What is being asked:
The lines to extract begin at the line that contains "Tặng ngay 150K khi thanh toán qua Ví Momo" and run through the last line of the listing; reproduce them exactly, minus any pictures.

Dataset content:
▬▬▬▬▬▬
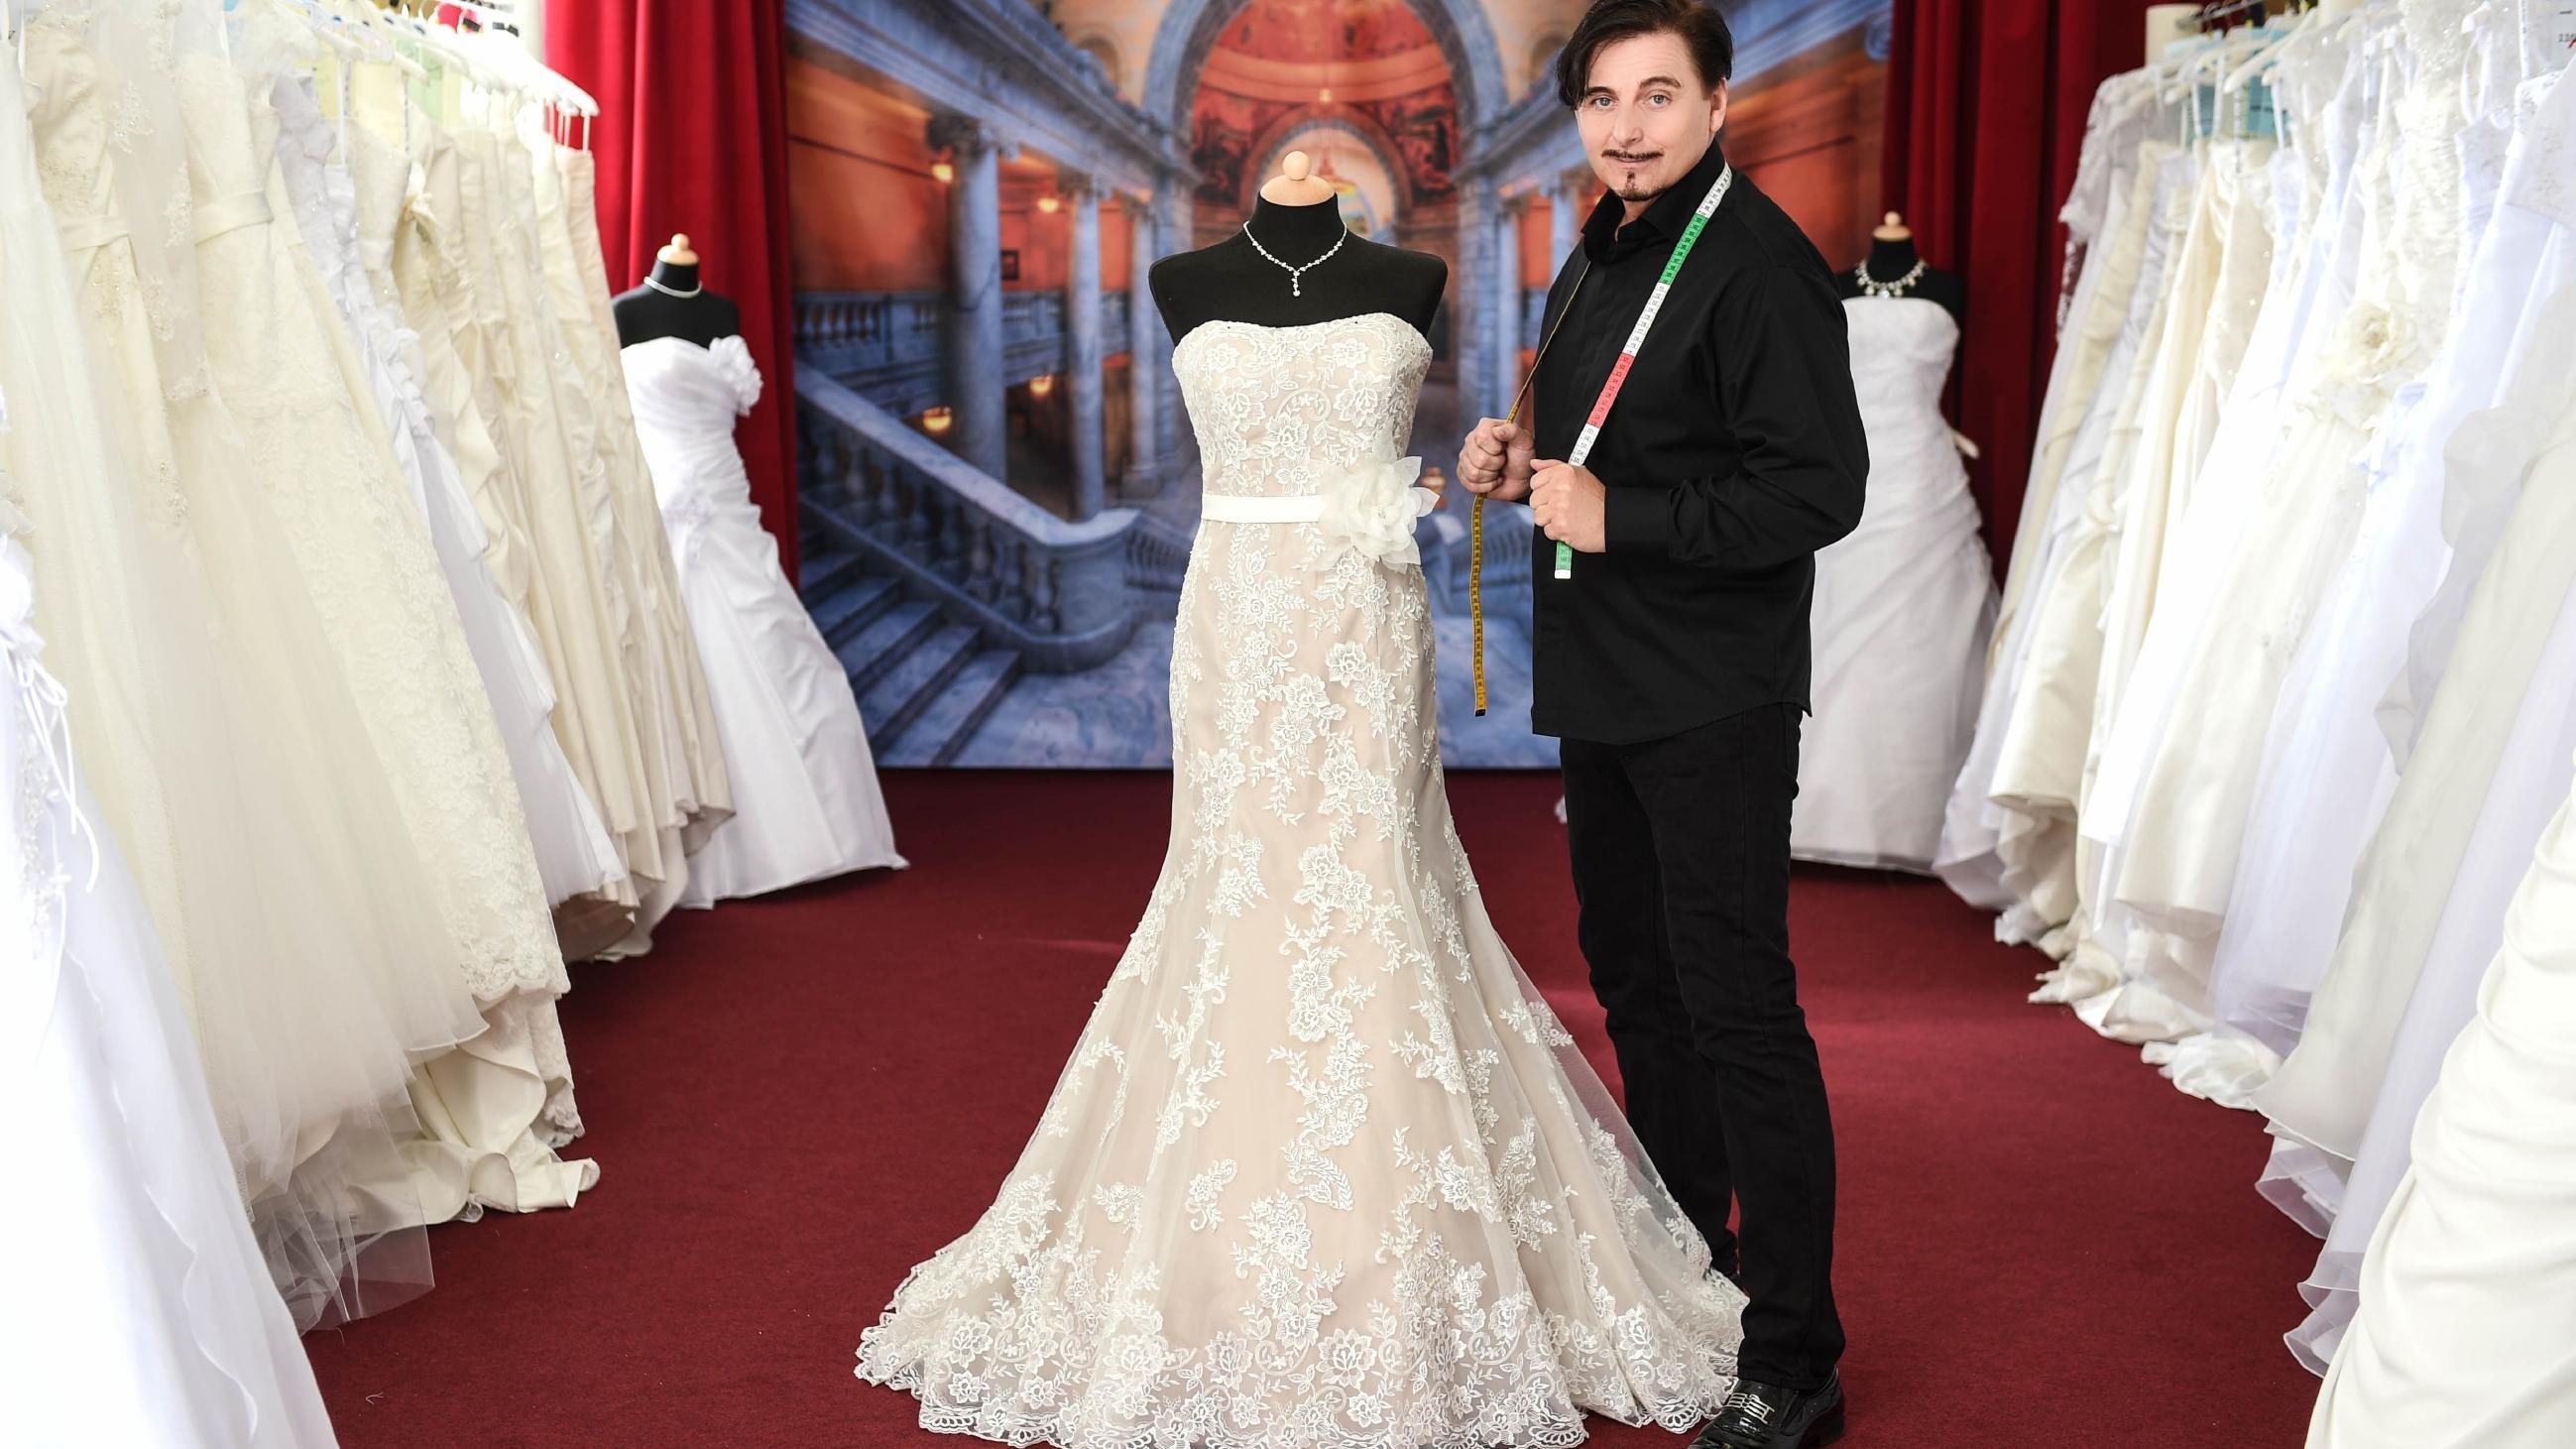 Uwe Herrmann Brautkleid Papst Verlangt Eintritt Furs Shopping
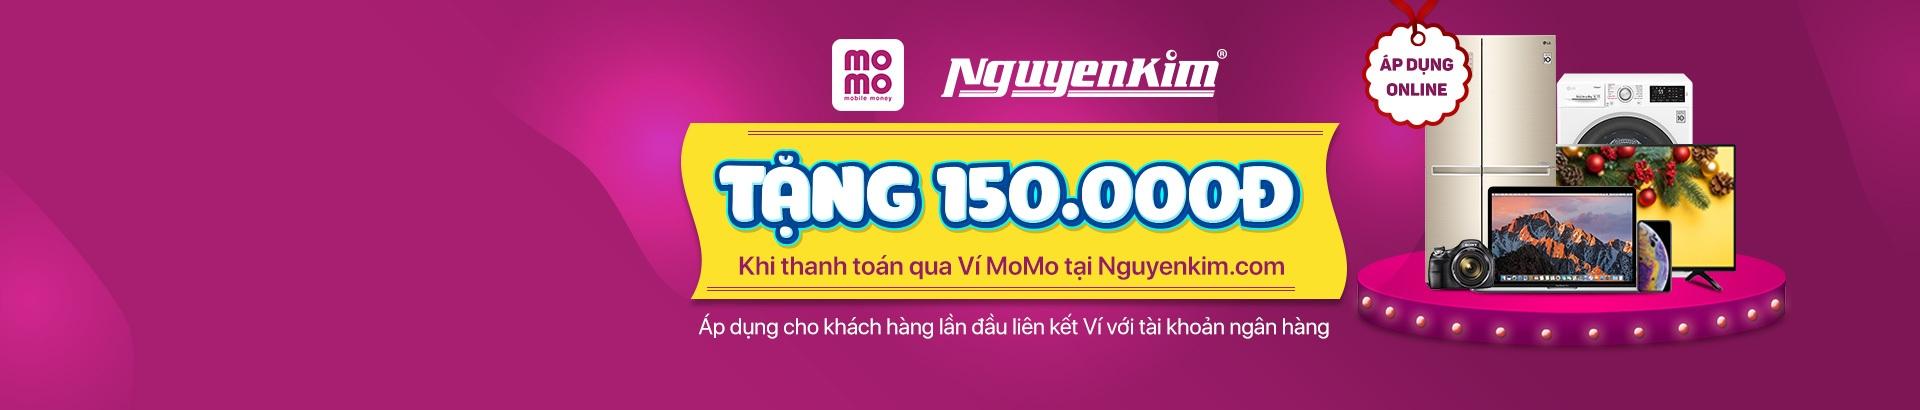 Tặng ngay 150K khi thanh toán qua Ví Momo
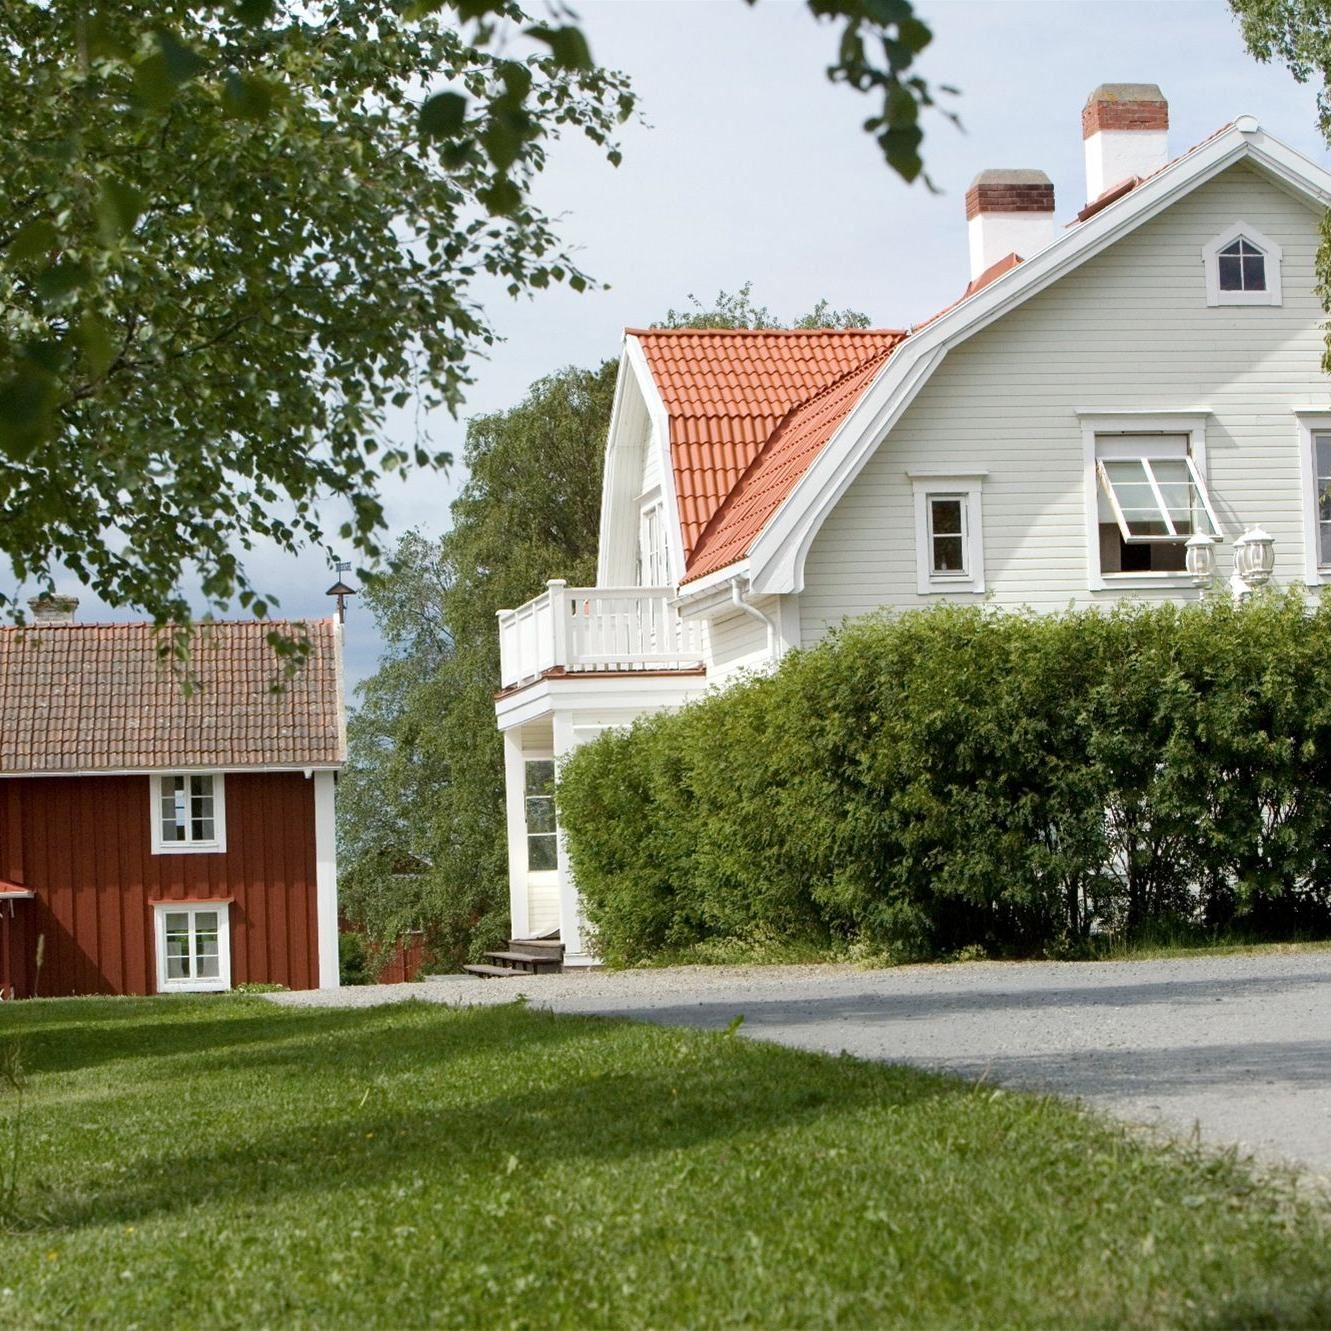 Foto: Brunkulla Gård,  © Copy: Brunkulla Gård, Brunkulla Gård - Ekologisk gård
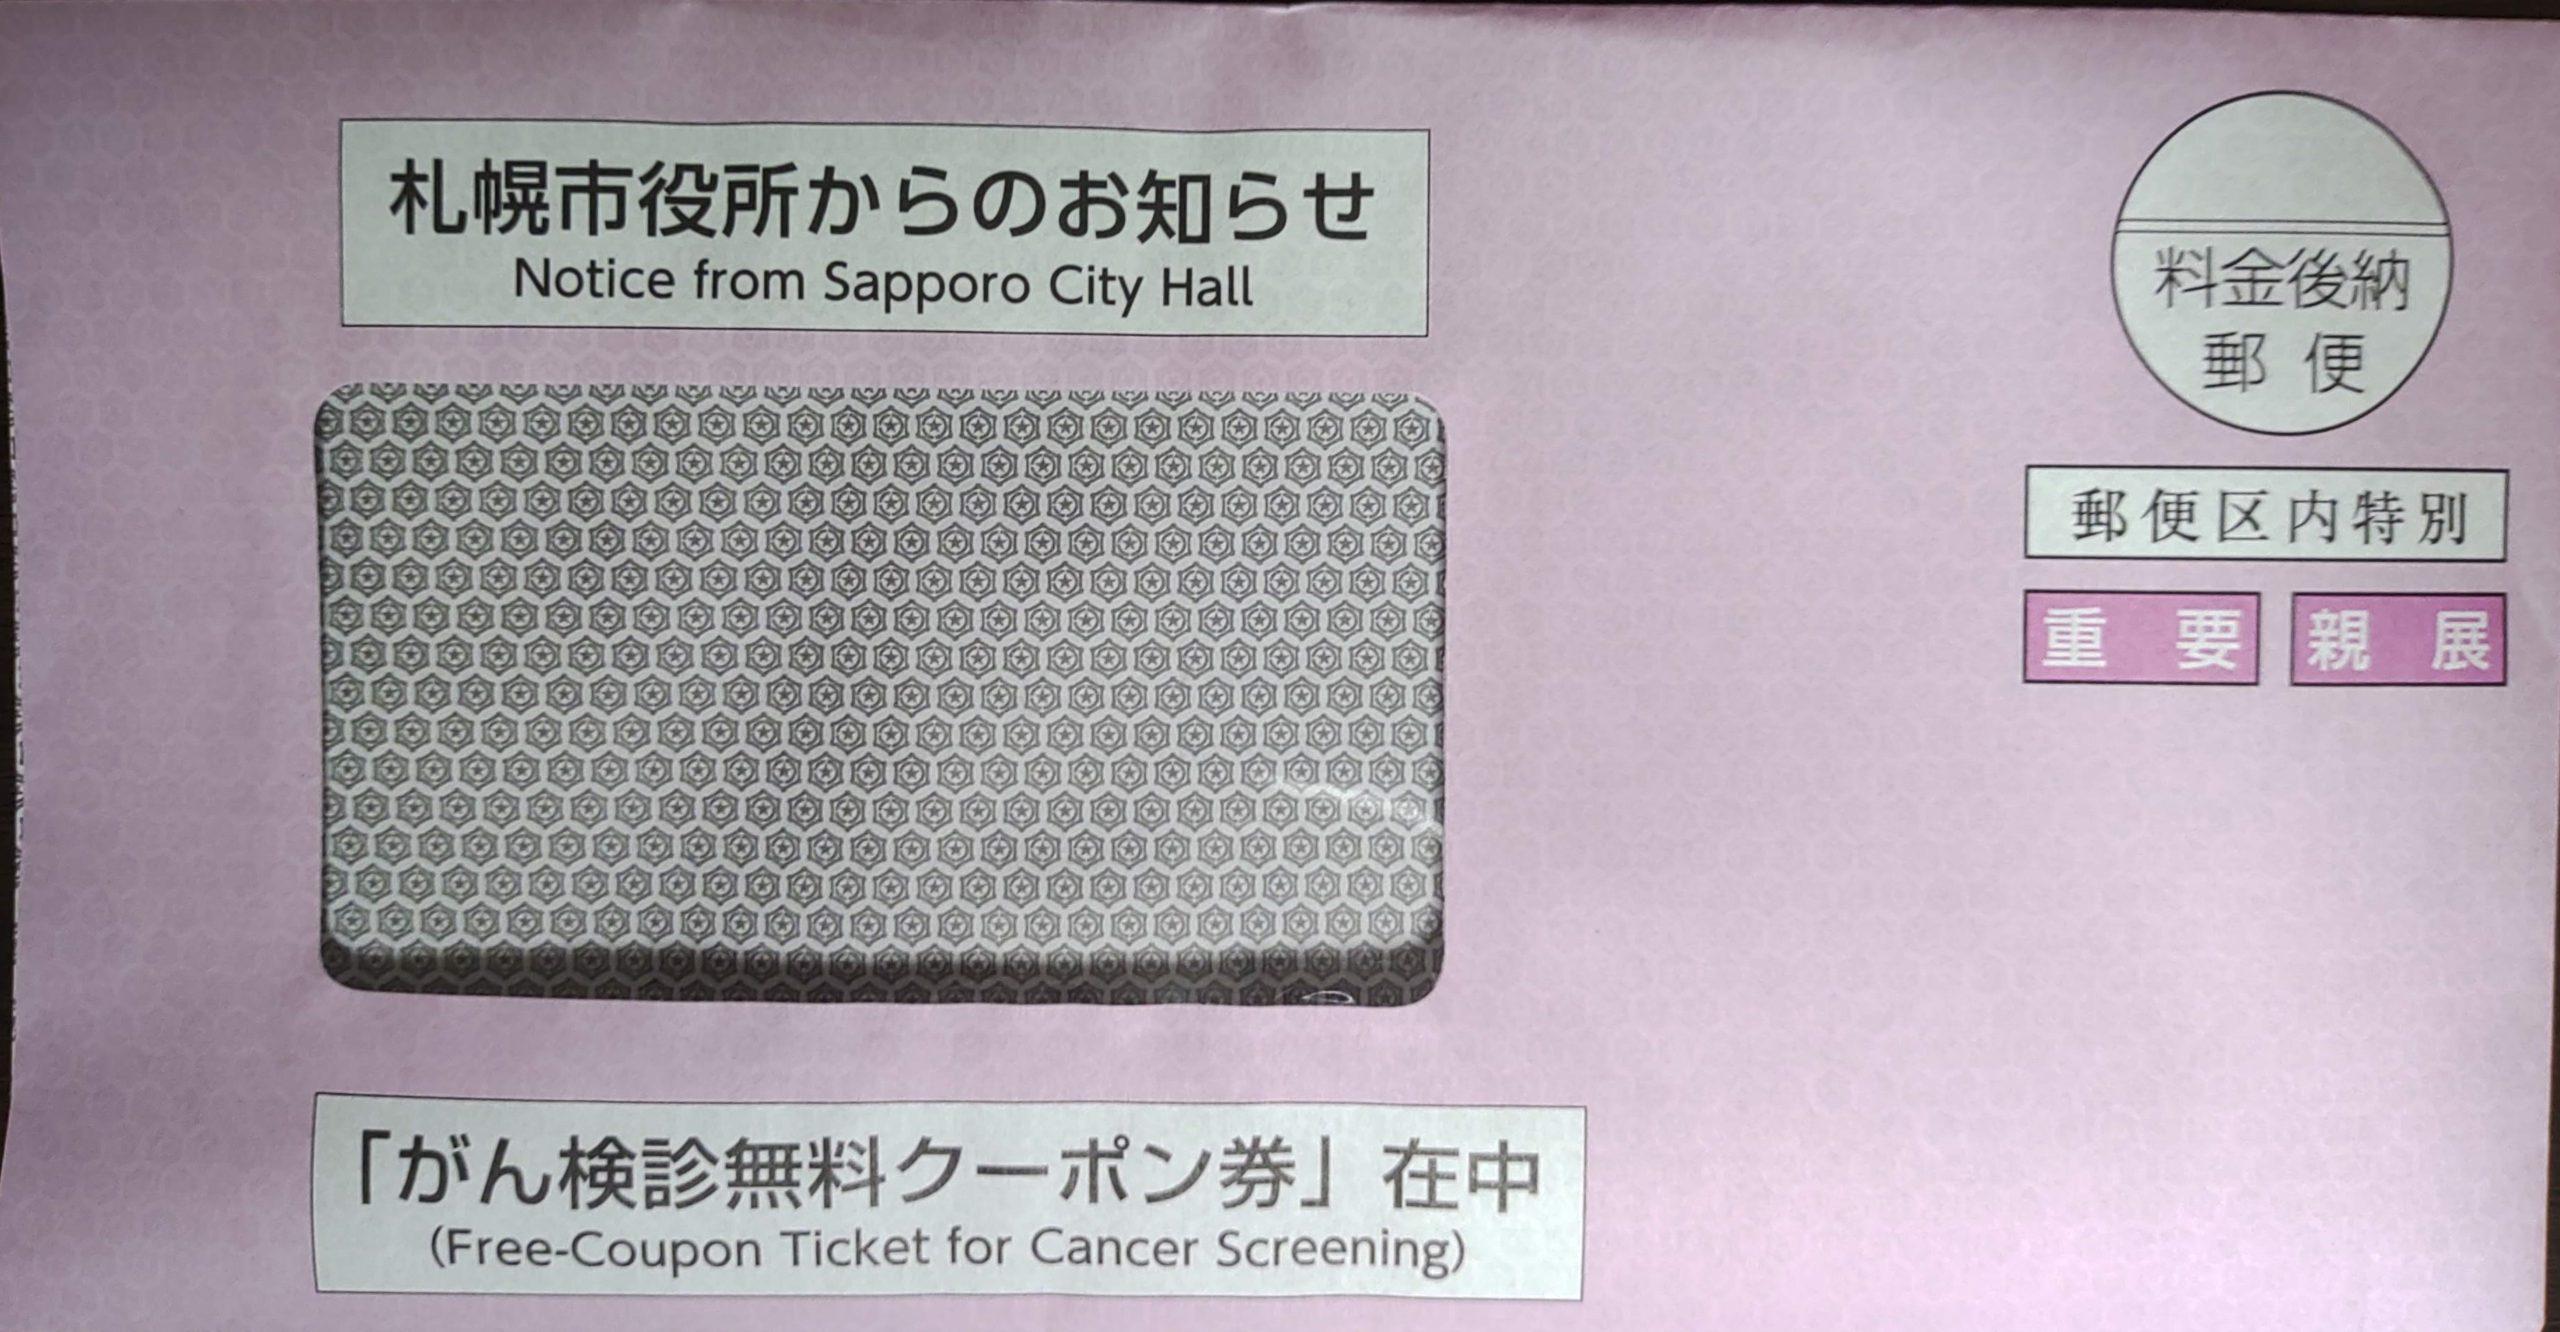 健診クーポン封筒
▬▬▬▬▬▬
Written reply:
 Tặng ngay 150K khi thanh toán qua Ví Momo
 Foto: Brunkulla Gård,  © Copy: Brunkulla Gård, Brunkulla Gård - Ekologisk gård
 健診クーポン封筒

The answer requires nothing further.